LLM Agent Integration (OpenAI Tools)¶
ms-enclave tool schemas are OpenAI Function Calling-compatible, so any model that supports OpenAI Tools (OpenAI, DashScope/Qwen, self-hosted OpenAI-compatible servers, etc.) can call sandbox tools directly.
Flow¶
- Create a manager and a sandbox (enable the needed tools)
get_sandbox_tools(sandbox_id)returns an OpenAI-compatible schema- Call the model with
tools=... - Parse each
tool_calland run it inside the sandbox - Append a
tool-role message with the result tomessages - Call the model again to get the final answer
Full example (DashScope / qwen-plus)¶
import asyncio
import json
import os
from openai import OpenAI
from ms_enclave.sandbox.manager import SandboxManagerFactory
from ms_enclave.sandbox.model import DockerSandboxConfig, SandboxType
async def run_agent():
client = OpenAI(
base_url='https://dashscope.aliyuncs.com/compatible-mode/v1',
api_key=os.environ['DASHSCOPE_API_KEY'],
)
async with SandboxManagerFactory.create_manager() as manager:
config = DockerSandboxConfig(
image='python:3.11-slim',
tools_config={
'python_executor': {},
'shell_executor': {},
'file_operation': {},
},
volumes={os.path.abspath('./output'): {'bind': '/sandbox/data', 'mode': 'rw'}},
)
sandbox_id = await manager.create_sandbox(SandboxType.DOCKER, config)
# 1) Fetch tool schemas
tools = await manager.get_sandbox_tools(sandbox_id)
messages = [
{'role': 'system', 'content':
'You can run Python and shell commands inside a managed sandbox '
'via the provided tools. Always use tools to compute and summarize results.'},
{'role': 'user', 'content':
'1) Use Python to compute 123456 * 654321.\n'
'2) Use shell to list /sandbox/data.\n'
'Then summarize.'},
]
# 2) First call: model decides which tools to invoke
completion = client.chat.completions.create(
model='qwen-plus',
messages=messages,
tools=list(tools.values()),
tool_choice='auto',
)
msg = completion.choices[0].message
messages.append(msg.model_dump())
# 3) Execute tool_calls one by one
for call in (msg.tool_calls or []):
args = json.loads(call.function.arguments or '{}')

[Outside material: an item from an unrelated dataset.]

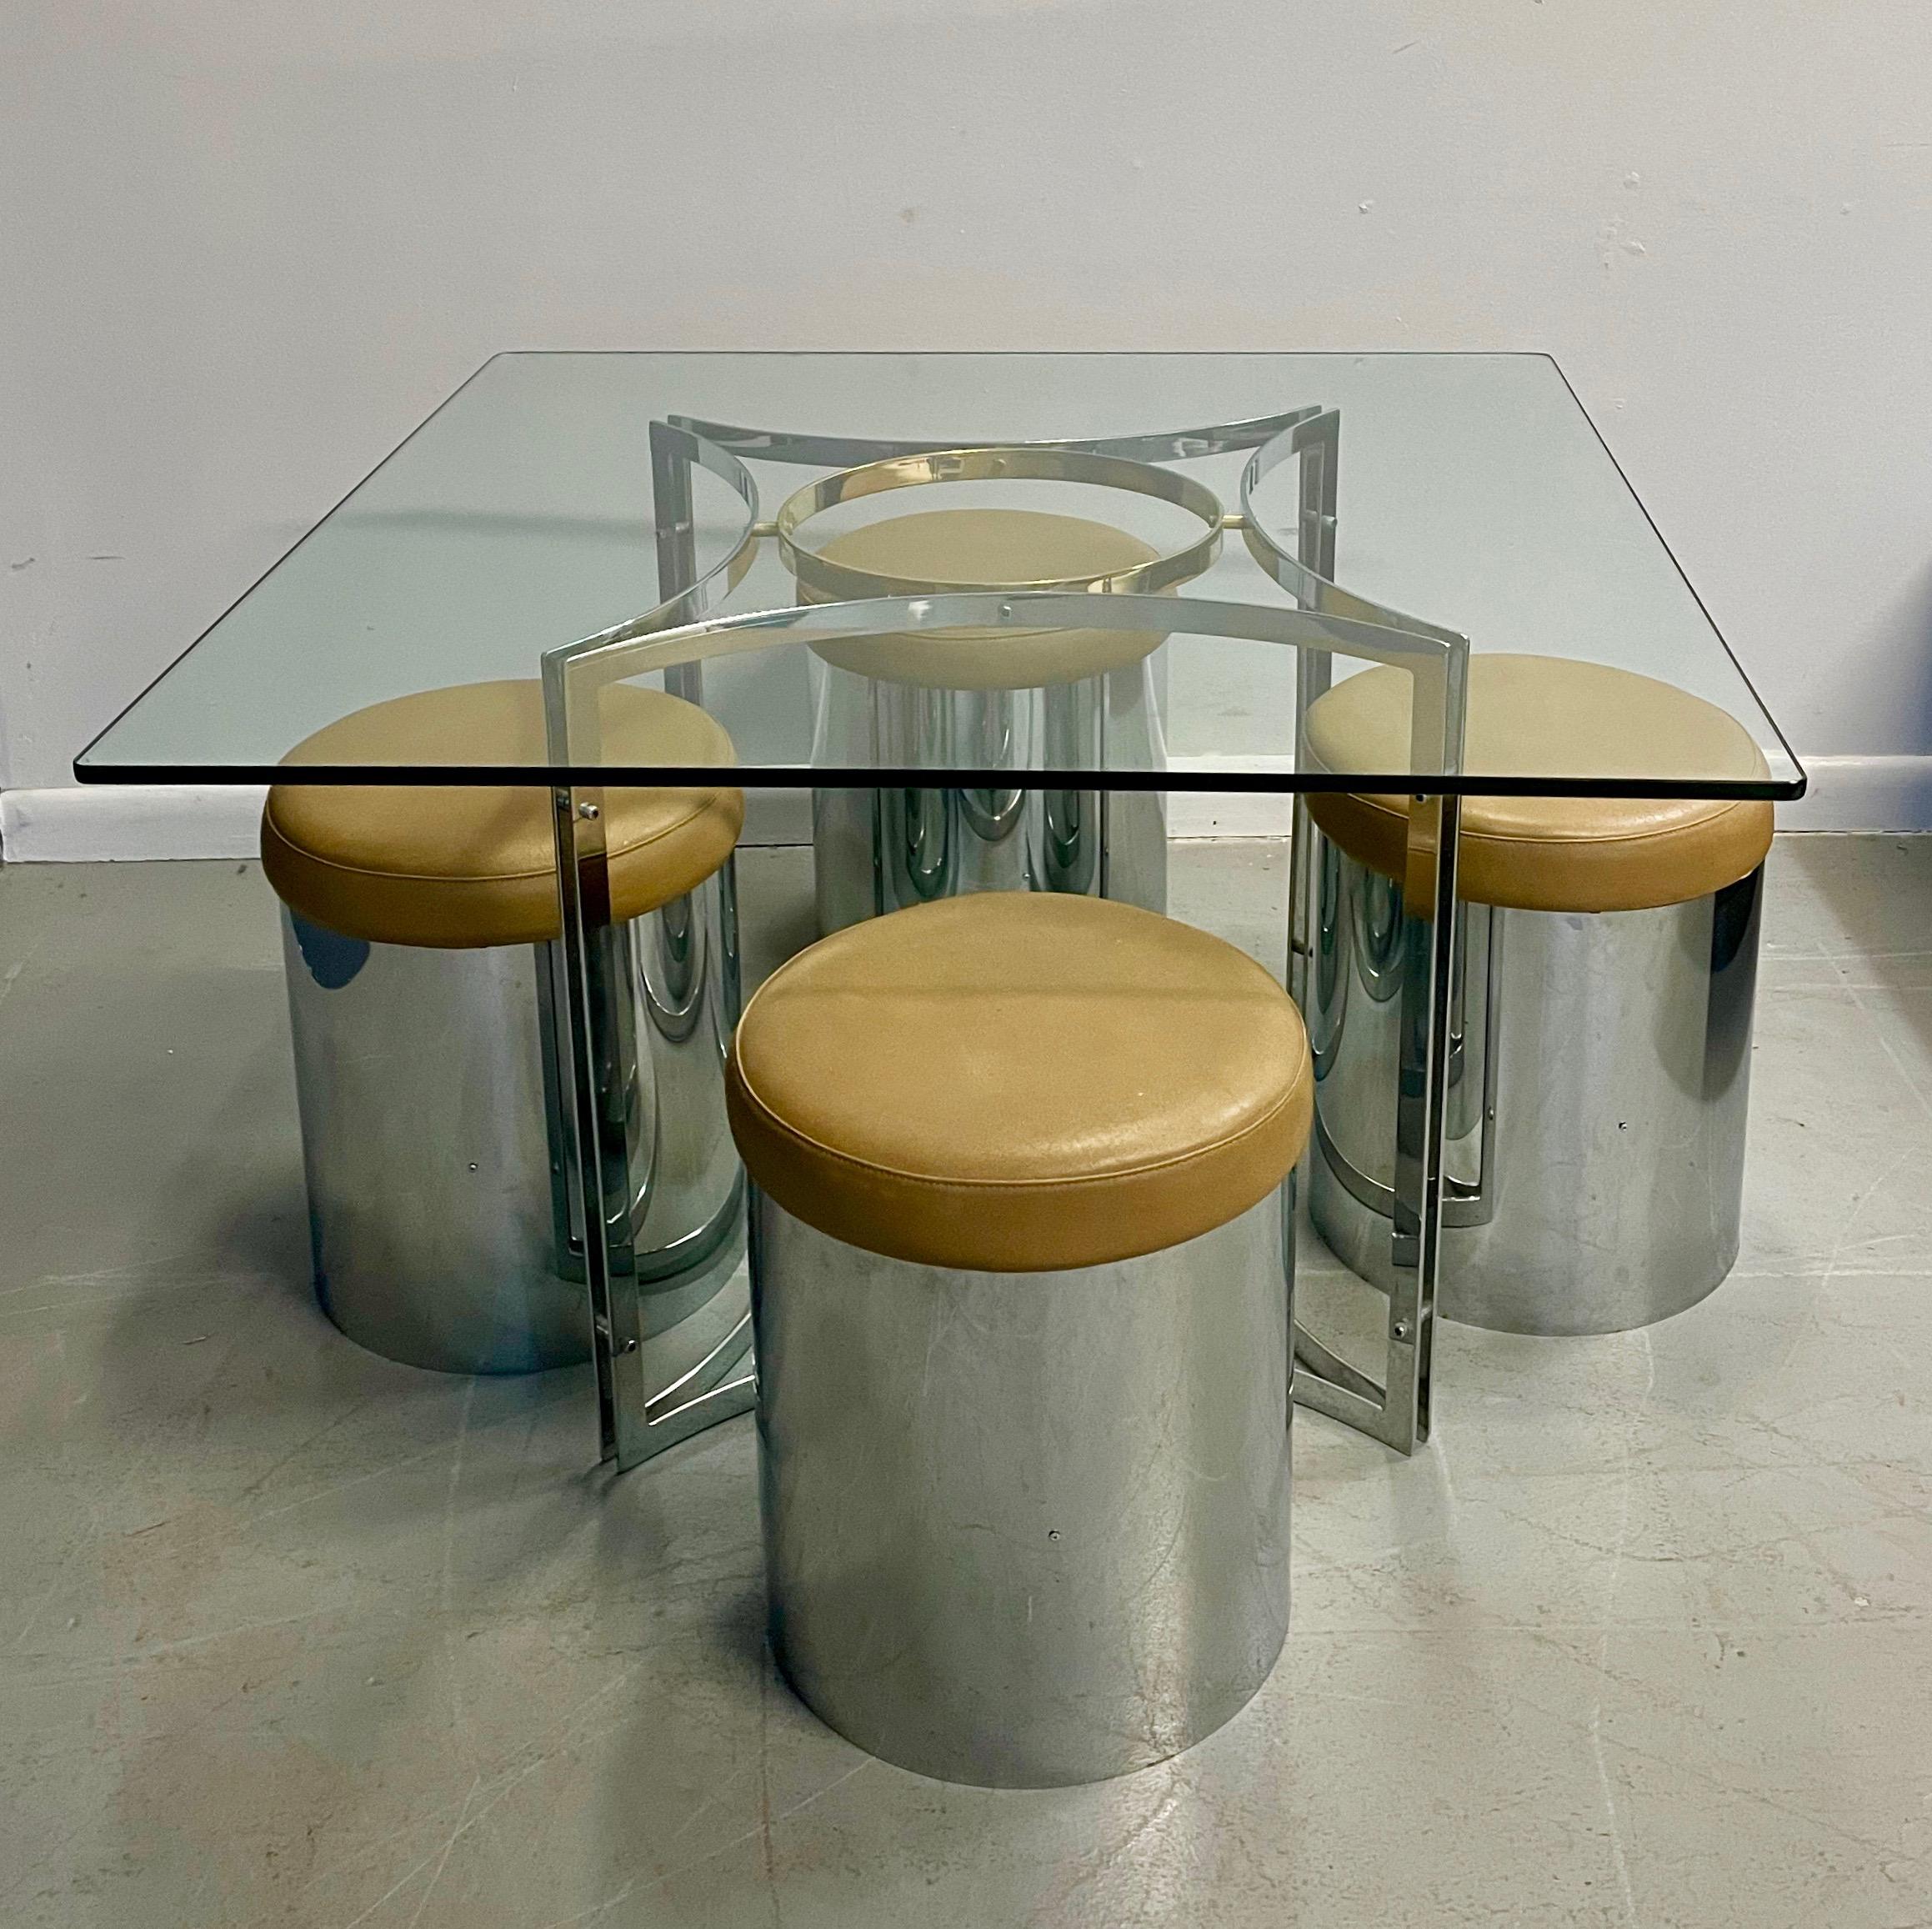 This brass and chrome set is the 1970s personified. A square piece of glass covers a chrome and brass base with four tan leather topped stainless steel round stools.

result = await manager.execute_tool(sandbox_id, call.function.name, args)
messages.append({
'role': 'tool',
'tool_call_id': call.id,
'name': call.function.name,
'content': result.model_dump_json(),
})
# 4) Let the model produce the final answer based on tool results
final = client.chat.completions.create(model='qwen-plus', messages=messages)

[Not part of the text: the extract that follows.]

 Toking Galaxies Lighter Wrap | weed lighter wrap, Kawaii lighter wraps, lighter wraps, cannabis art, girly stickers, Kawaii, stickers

print(final.choices[0].message.content)
asyncio.run(run_agent())
Other models¶
Any OpenAI-Tools-compatible endpoint works. Just swap base_url and model:
- Self-hosted vLLM / Ollama:
base_url='http://localhost:8000/v1' - OpenAI: drop
base_url,model='gpt-4o-mini' - DashScope (shown above):
qwen-plus,qwen-max, etc.
Practical tips¶
- Limit the toolset: fewer tools → better routing decisions. Only enable tools the task actually needs.
- Truncate results:
ToolResult.outputcan be large. Trim or summarize before feeding it back if it would blow the context window. - Multi-round calls: if the first round isn't enough, loop on
tool_callsuntil the model returns a plain text answer. - Error feedback: include the
errorfield in thetoolmessage so the model can decide whether to retry or change strategy.